Si le gouvernement a fait ce qu’il pouvait faire, il reste encore des laissés-pour-compte : tous ceux dont les emplois ne sont pas protégés par les mesures de chômage partiel : les intérimaires, les personnes en fin de CDD, certains intermittents ou encore les pigistes. Un grand nombre d’entre eux n’ont pas suffisamment cotisé pour demander une allocation chômage, sachant qu’un chômeur sur deux n’a pas assez de «droits» pour être indemnisé. Certains ont sollicité le revenu de solidarité active (RSA), et il faut espérer que les conseils départementaux aient pu être réactifs face au raz-de-marée de demandes parvenues ces dernières semaines. Il reste enfin des chômeurs qui ne reçoivent ni les allocations chômage ni le RSA parce qu’il leur manque la connaissance du dispositif ou les moyens de le solliciter, dans un contexte où l’action des administrations sociales et des associations est elle aussi limitée par les mesures de confinement.

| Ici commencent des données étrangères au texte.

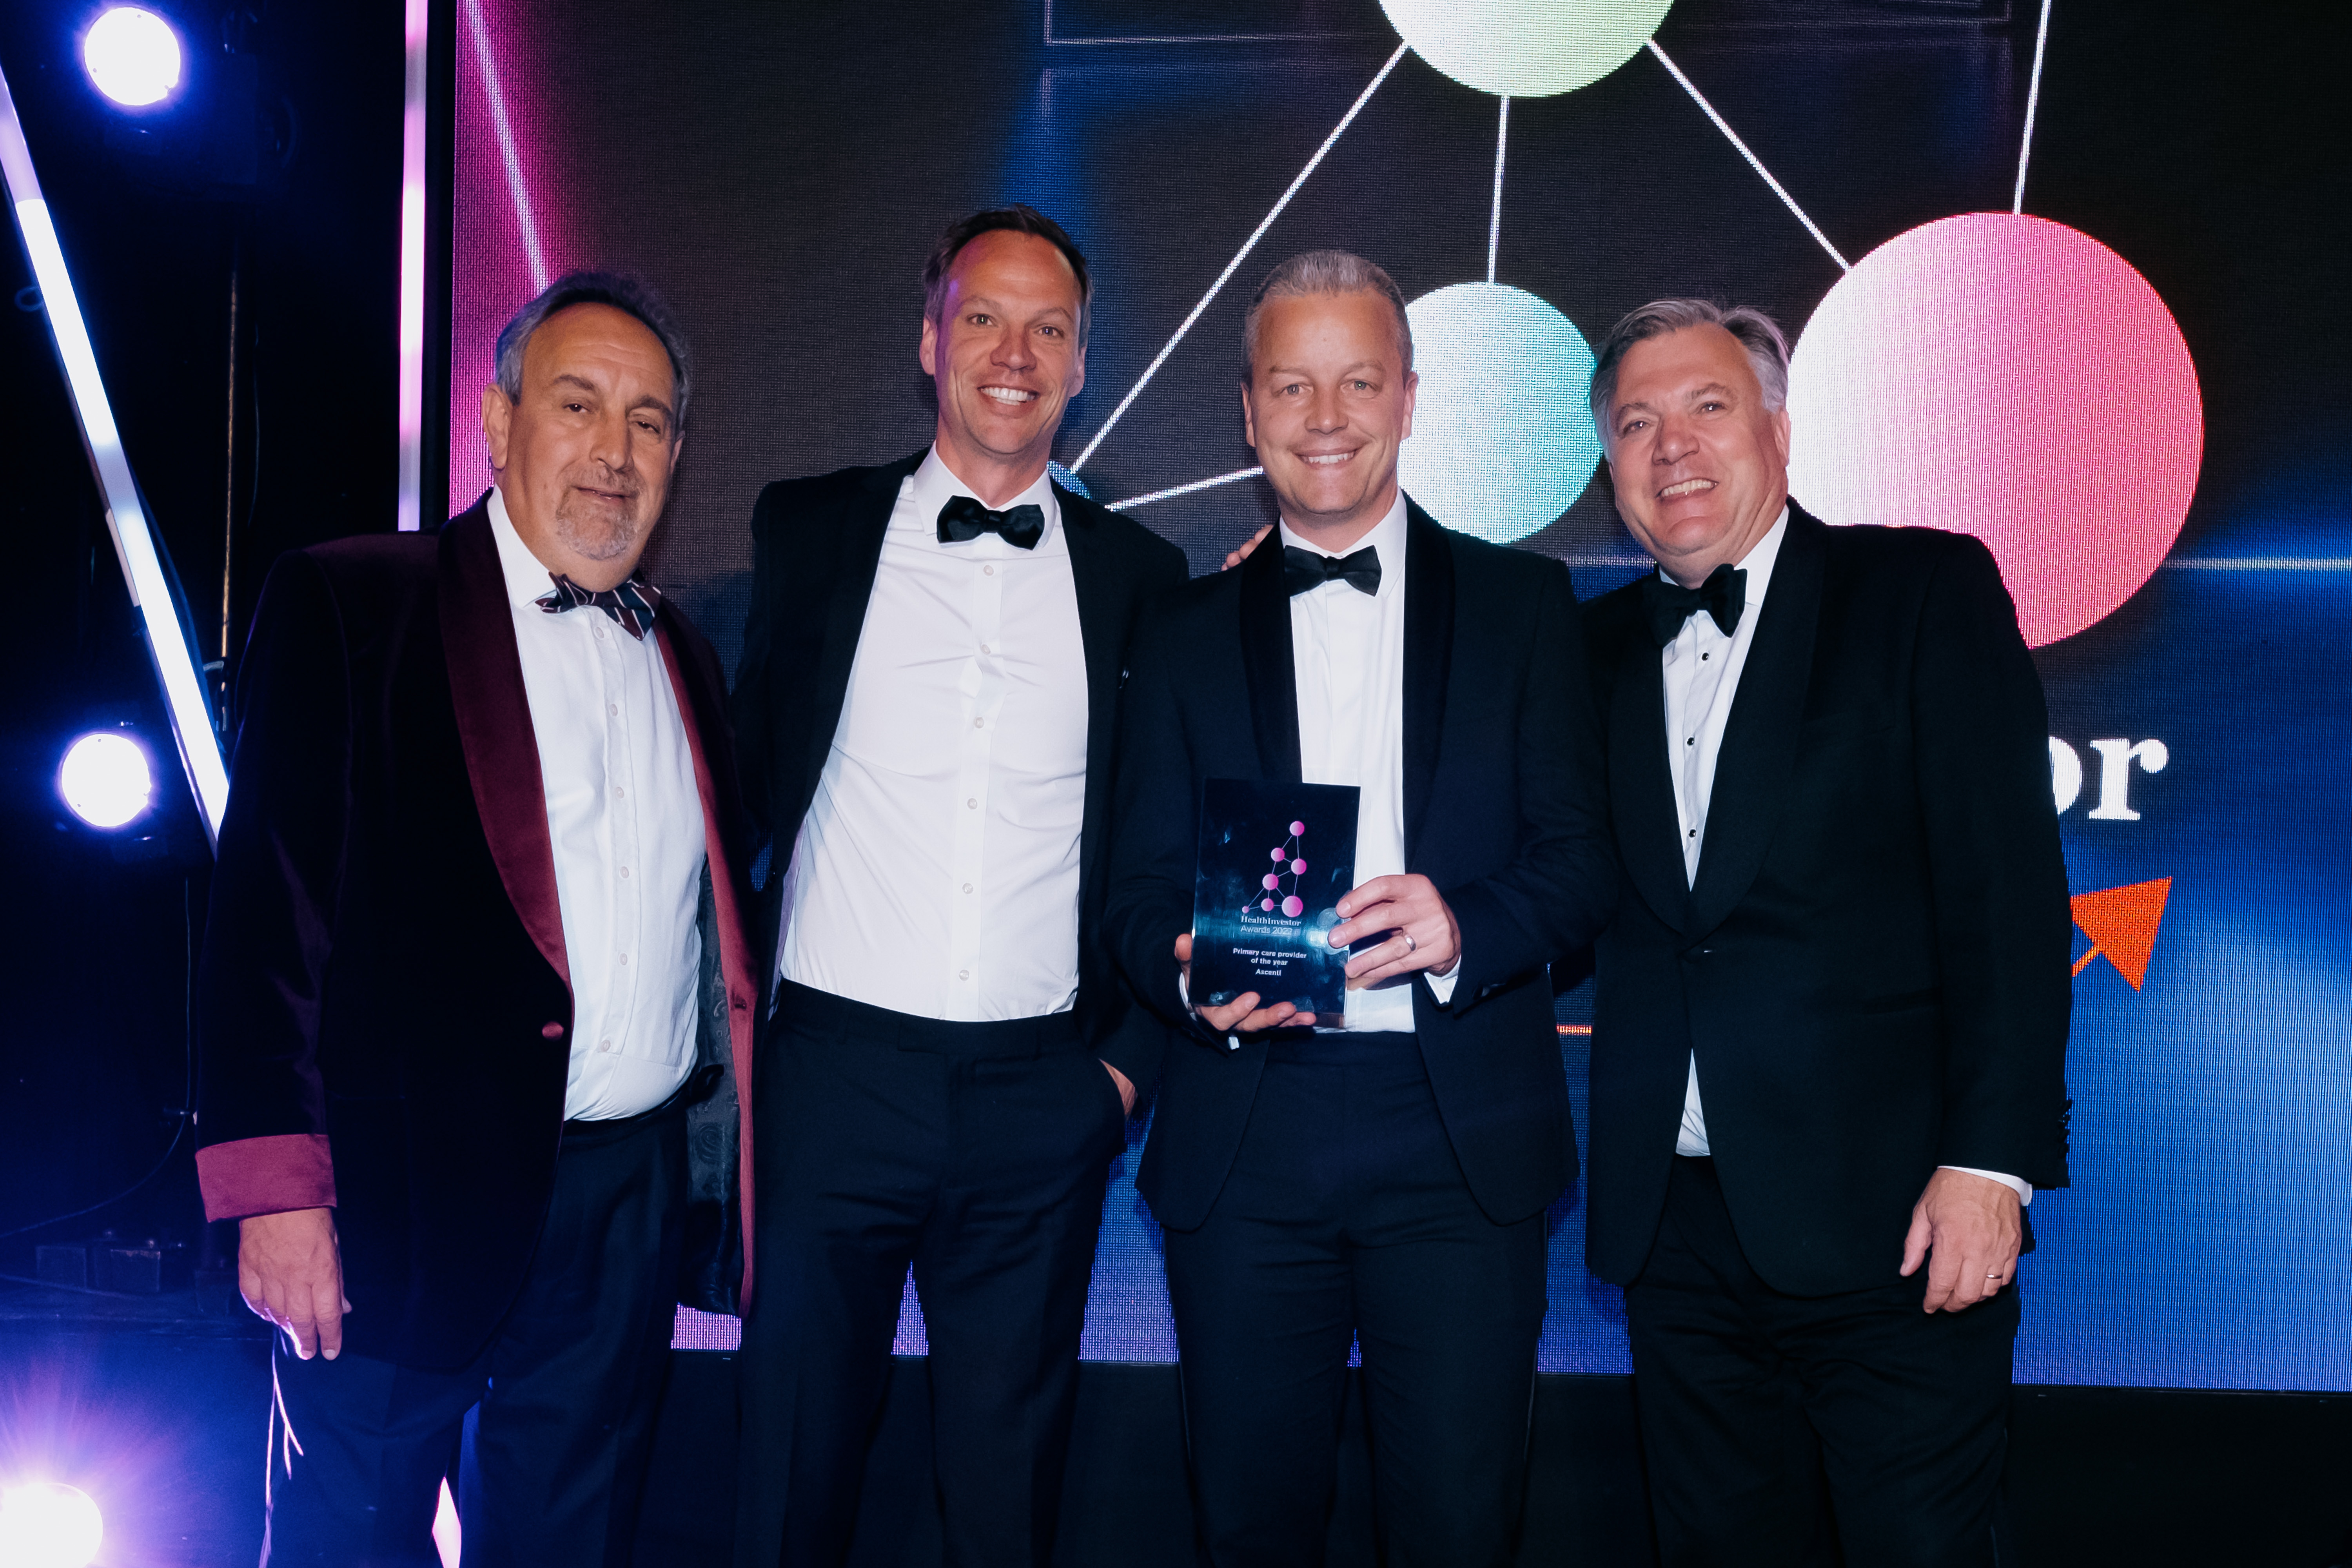 Ascenti’s Director of Strategic Development, Martin Fidock, and Chief Commercial Officer, Kevin Doyle, with last year’s HealthInvestor Awards presenters

Face à une telle crise, un revenu universel aurait été efficace pour répondre rapidement au problème sans laisser personne sur le carreau. Rappelons qu’un revenu universel est distribué à tous les résidents adultes d’un pays de façon universelle, inconditionnelle et individuelle, étant cumulable avec les revenus du travail, du capital et de remplacement. Ce revenu universel ne doit se substituer qu’au seul RSA et à la prime d’activité : il restera nécessaire de s’appuyer sur le régime d’assurance chômage pour les travailleurs qui cotisent et sur les différents dispositifs ciblés sur les publics particuliers (adultes handicapés, familles monoparentales, personnes âgées avec des droits insuffisants à la retraite, etc.). Et il ne devrait pas non plus remplacer les mesures exceptionnelles ciblées prises par le gouvernement (chômage partiel ou aide sur les petits entrepreneurs) : face à une telle crise, il est nécessaire d’avoir une palette d’outils redistributifs à disposition pour répondre à la diversité des cas. Mais il faut aussi avoir un outil qui assure que personne n’est oublié, et ce avec le moins de complication administrative possible. Cet outil est le revenu universel. Evidemment, la question du financement se pose : il faut comprendre que les effets redistributifs du revenu universel ne peuvent être pensés sans prendre en compte les impôts qui le financent. Ainsi, un couple revenu universel à 550 euros + impôt proportionnel (flat-tax) dès le premier euro gagné (comme la CSG) à 23 % (que l’on peut par ailleurs rapprocher de l’impôt négatif de Milton Friedman si ce n’est que celui-ci s’active en aval des revenus d’activité contrairement au revenu universel) a très grossièrement les mêmes effets redistributifs que l’actuel trio RSA + prime d’activité + impôt sur le revenu. On pourrait financer le revenu universel de cette année principalement en augmentant le taux de CSG d’une vingtaine de points. On peut aussi faire peser une partie du financement sur les dernières tranches de l’impôt sur le revenu ou sur les impôts sur le capital afin d’obtenir un effet redistributif plus fort. Soulignons que les ménages aisés seraient plus imposés, mais ils recevraient aussi le revenu universel, ce qui compenserait partiellement la hausse d’impôts.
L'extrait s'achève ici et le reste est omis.